◆ **What the task asks**: Write out the data word for word and drop any picture you find.
Collected material: Begin
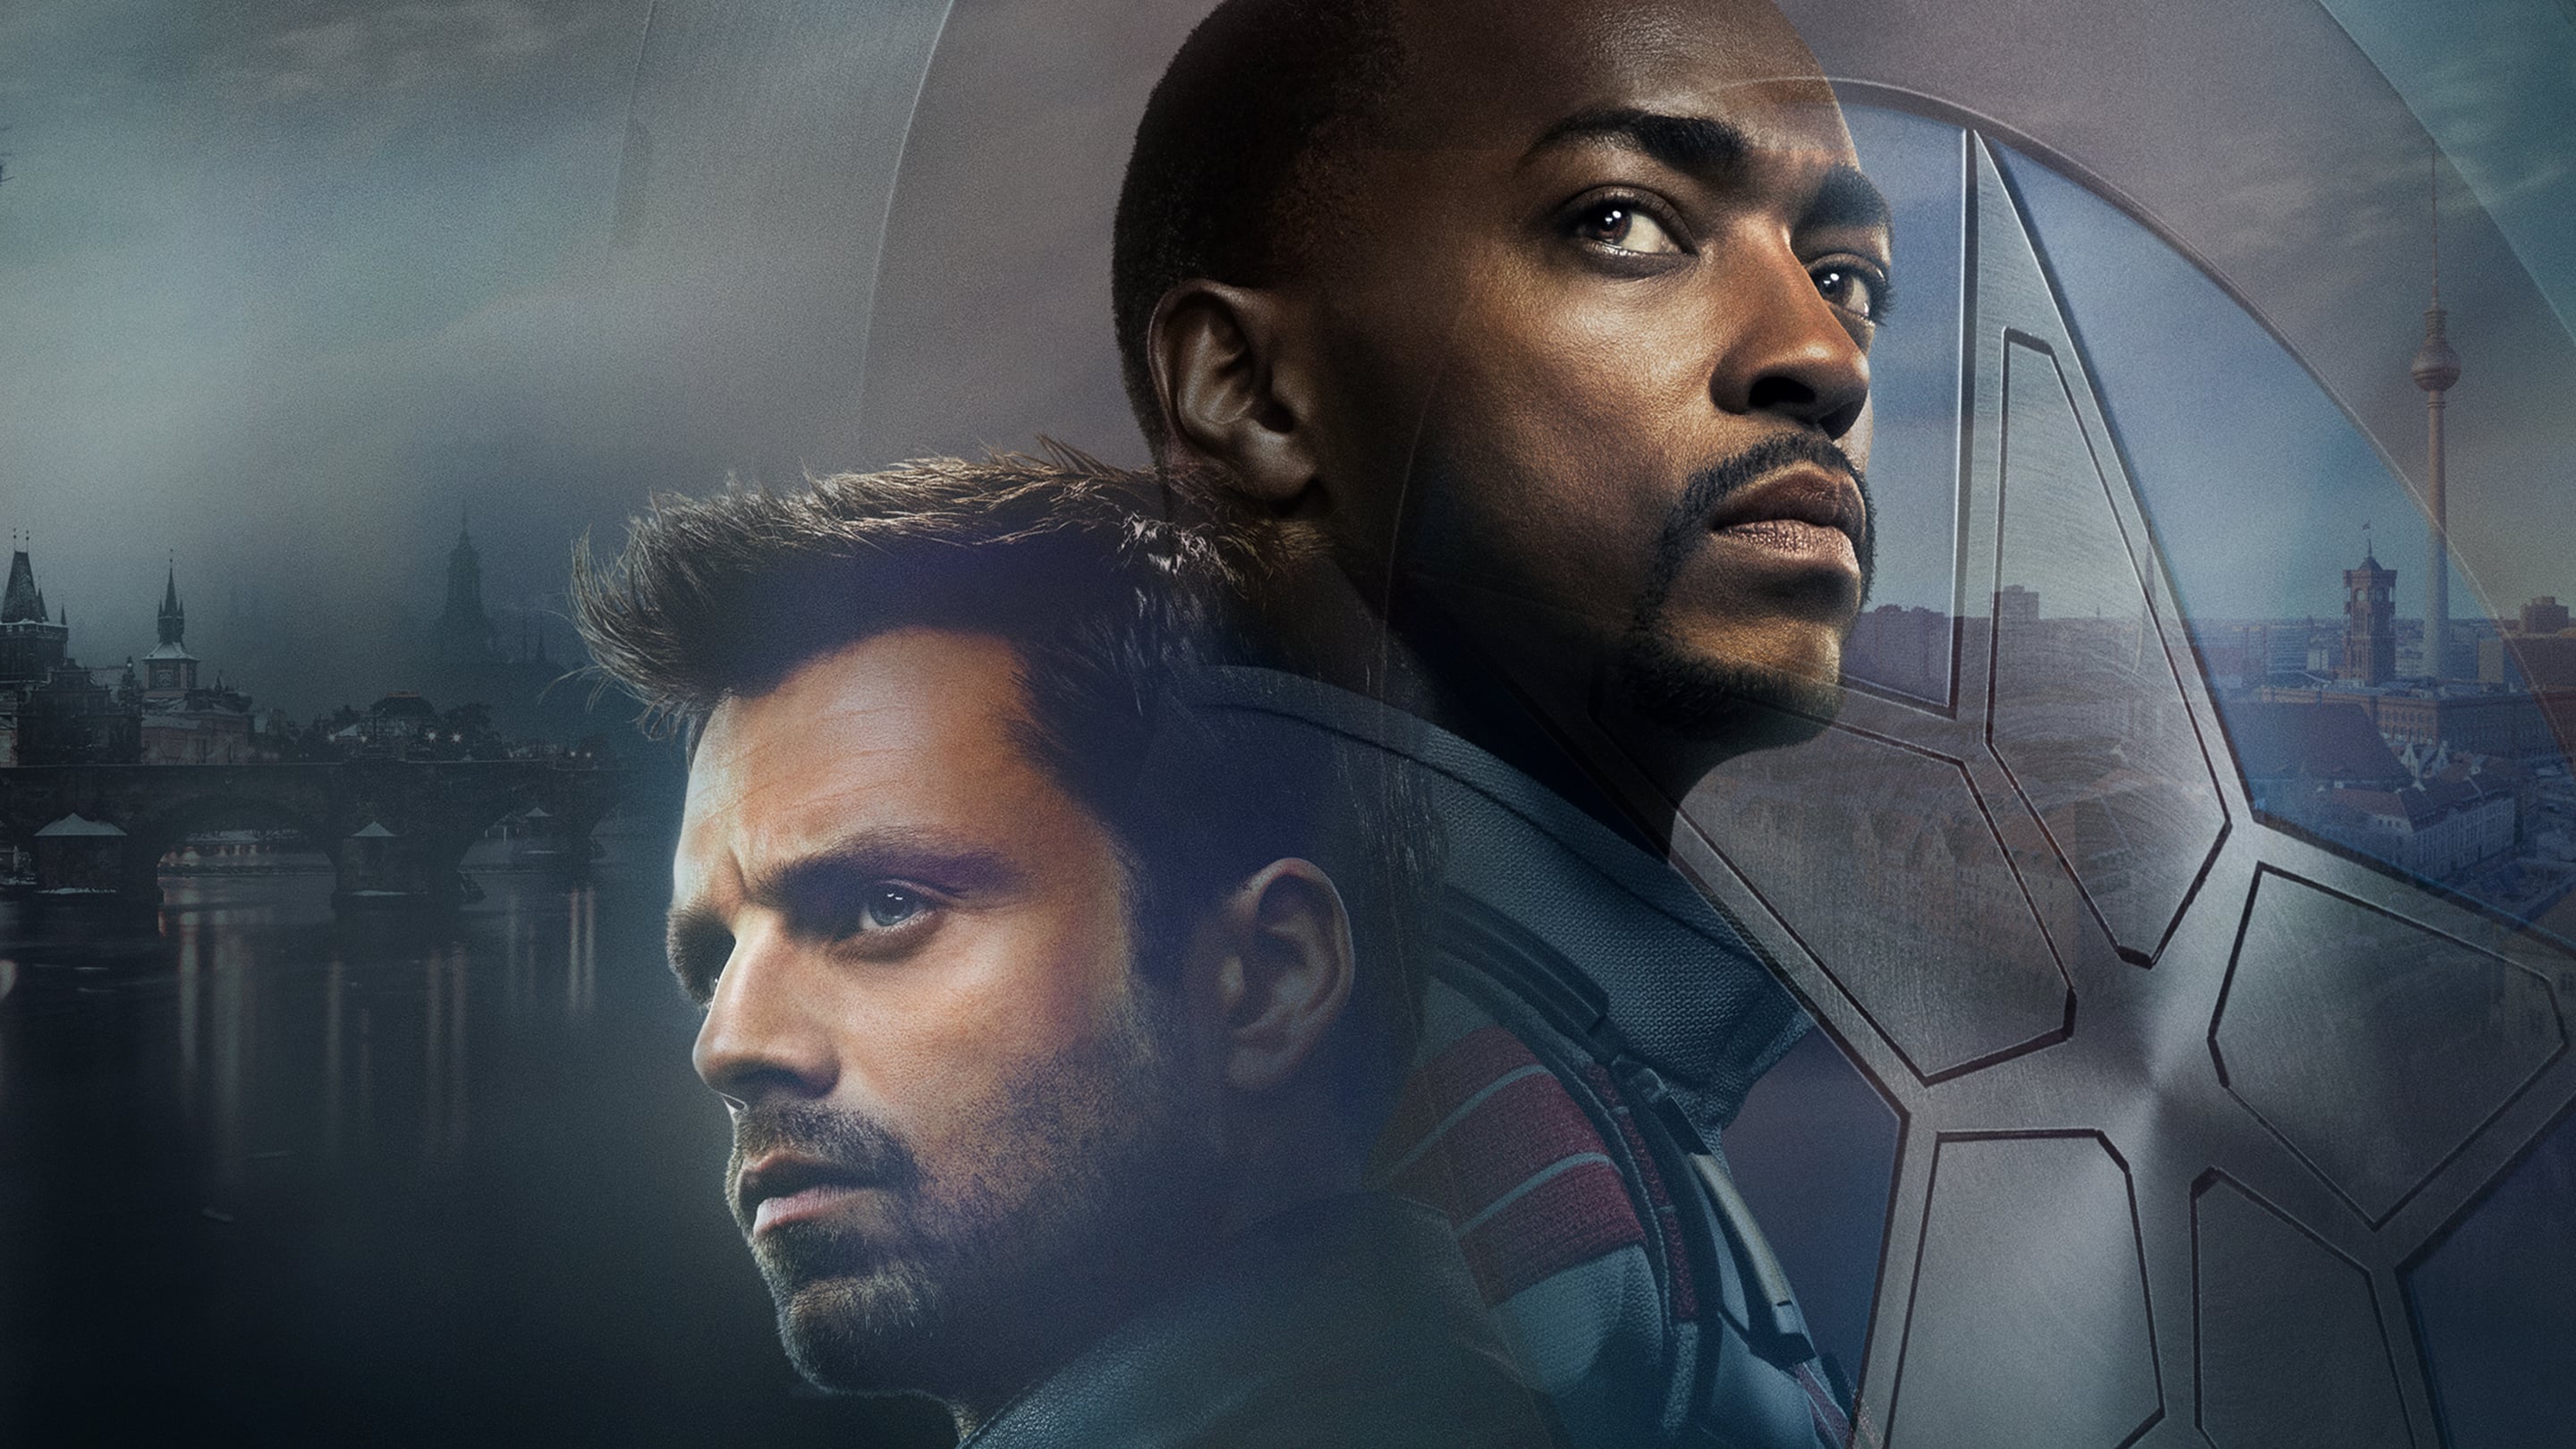 TV Show The Falcon and the Winter Soldier HD Wallpaper
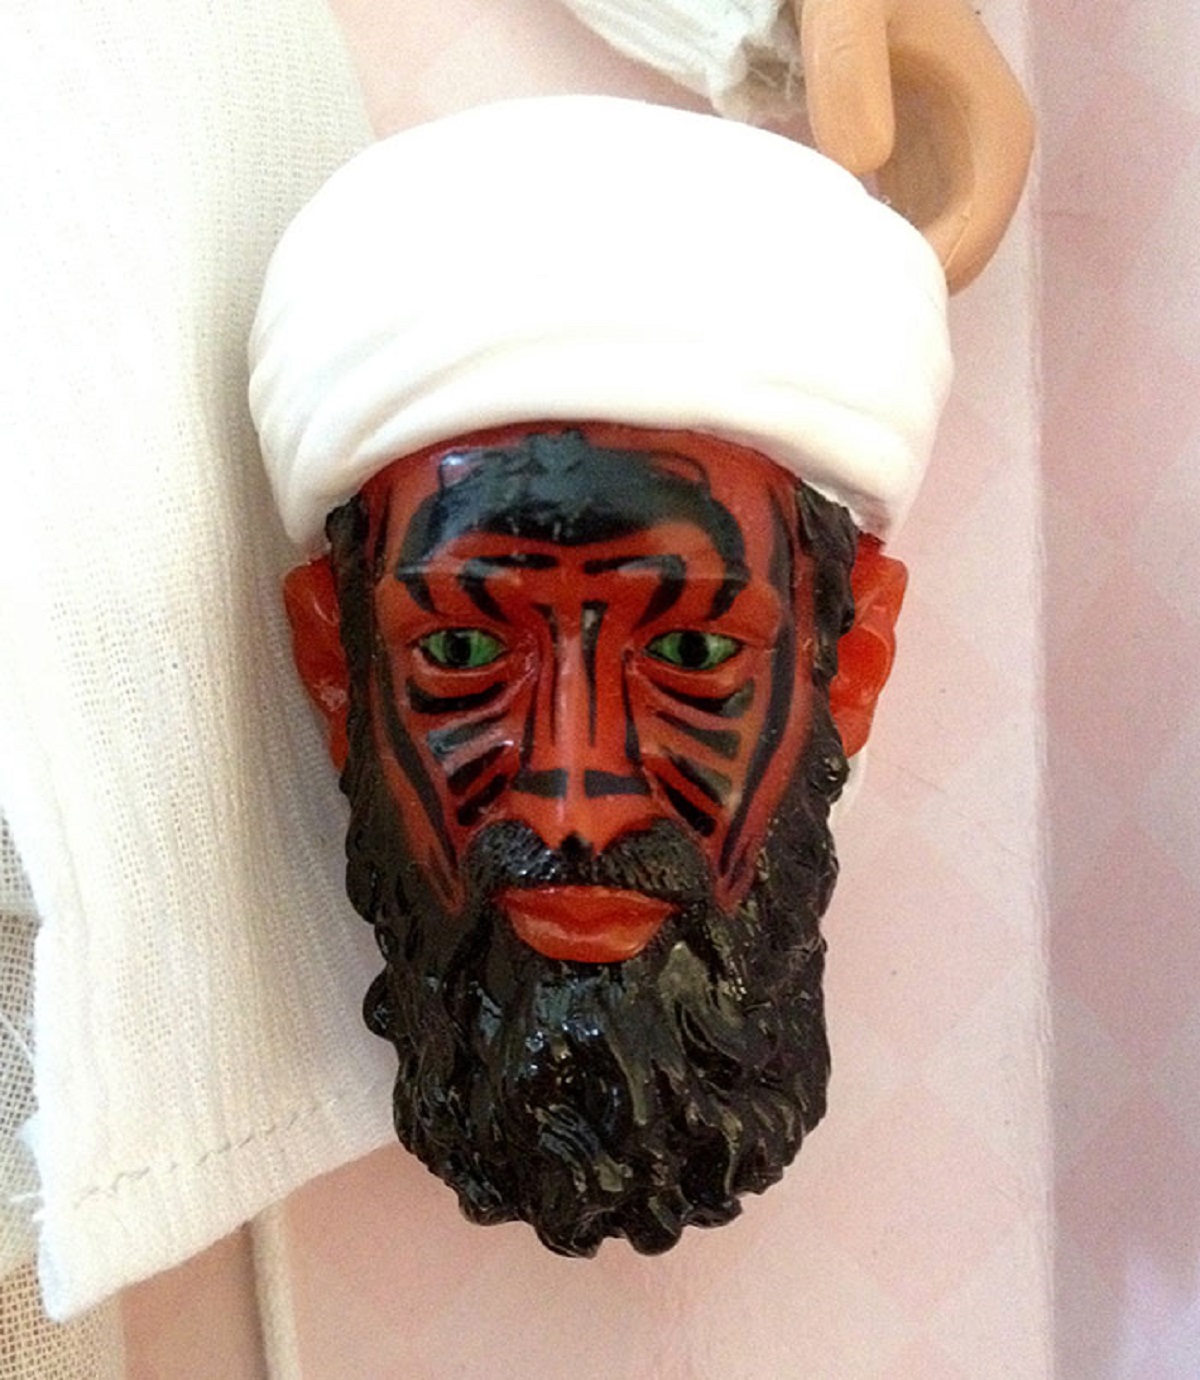 The plan to make figurines that look like Osama Bin Laden and give them to kids in South Asia. After it’s left in the sun for a certain amount of time, it’s face would peel off to reveal a “demon-like visage with red skin, green eyes, and black markings,” basically a demon. The objective was to scare kids and their parents so Bin Laden and Al Qaeda would lose support.
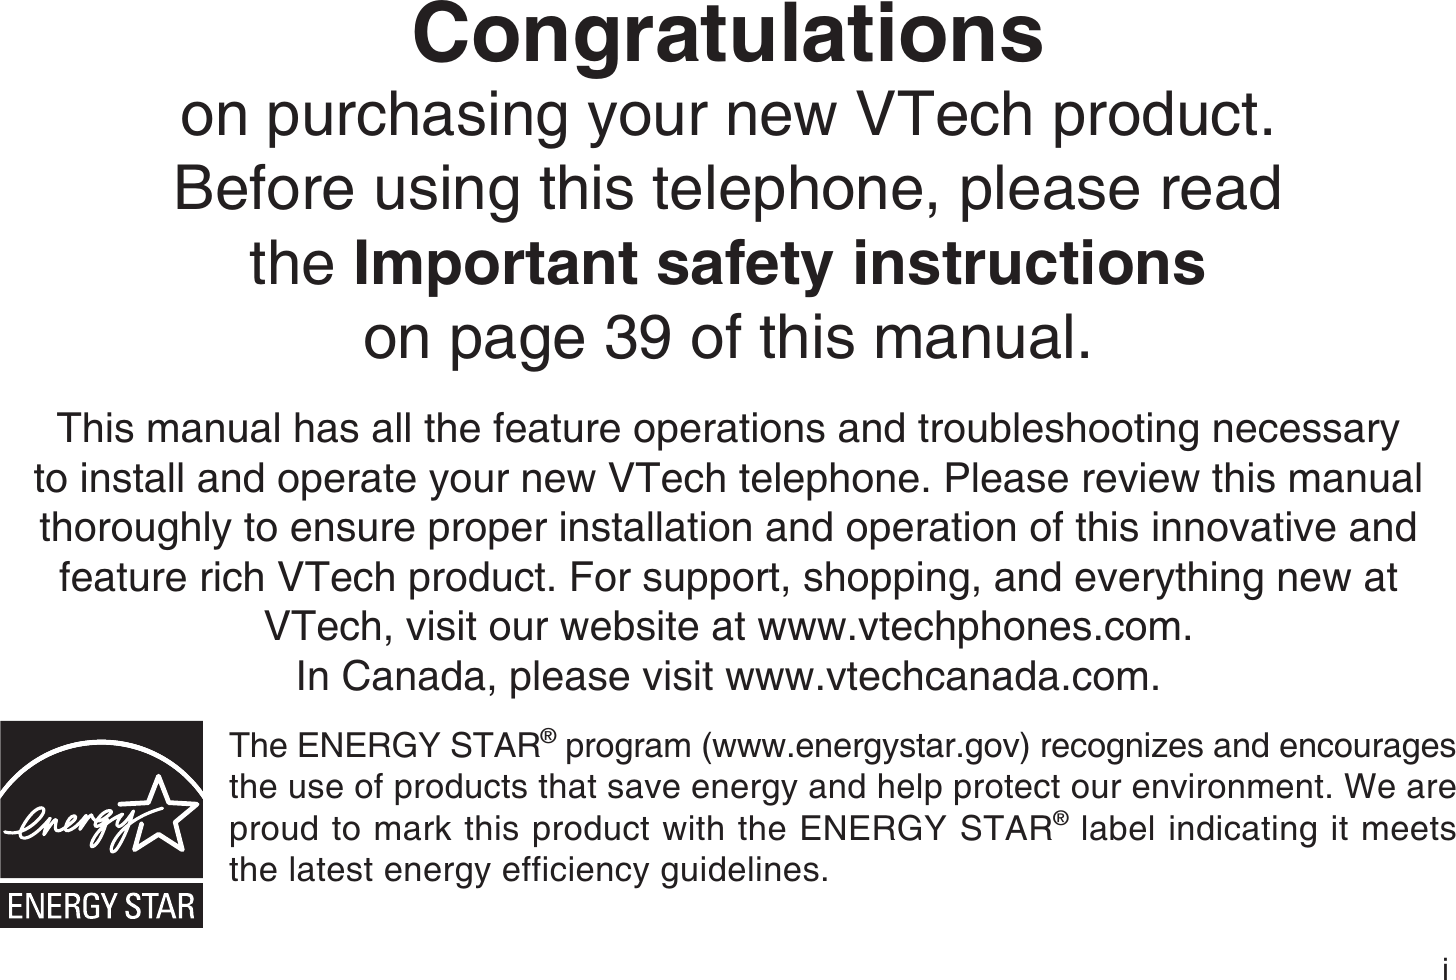 iCongratulationson purchasing your new VTech product.Before using this telephone, please read the Important safety instructionson page 39 of this manual.This manual has all the feature operations and troubleshooting necessary to install and operate your new VTech telephone. Please review this manual thoroughly to ensure proper installation and operation of this innovative and feature rich VTech product. For support, shopping, and everything new at VTech, visit our website at www.vtechphones.com.In Canada, please visit www.vtechcanada.com.The ENERGY STAR® program (www.energystar.gov) recognizes and encourages the use of products that save energy and help protect our environment. We are proud to mark this product with the ENERGY STAR® label indicating it meets the latest energy efficiency guidelines.
Collected material: End
◆ **Result of the exercise**:
 TV Show The Falcon and the Winter Soldier HD Wallpaper
 The plan to make figurines that look like Osama Bin Laden and give them to kids in South Asia. After it’s left in the sun for a certain amount of time, it’s face would peel off to reveal a “demon-like visage with red skin, green eyes, and black markings,” basically a demon. The objective was to scare kids and their parents so Bin Laden and Al Qaeda would lose support.
 iCongratulationson purchasing your new VTech product.Before using this telephone, please read the Important safety instructionson page 39 of this manual.This manual has all the feature operations and troubleshooting necessary to install and operate your new VTech telephone. Please review this manual thoroughly to ensure proper installation and operation of this innovative and feature rich VTech product. For support, shopping, and everything new at VTech, visit our website at www.vtechphones.com.In Canada, please visit www.vtechcanada.com.The ENERGY STAR® program (www.energystar.gov) recognizes and encourages the use of products that save energy and help protect our environment. We are proud to mark this product with the ENERGY STAR® label indicating it meets the latest energy efficiency guidelines.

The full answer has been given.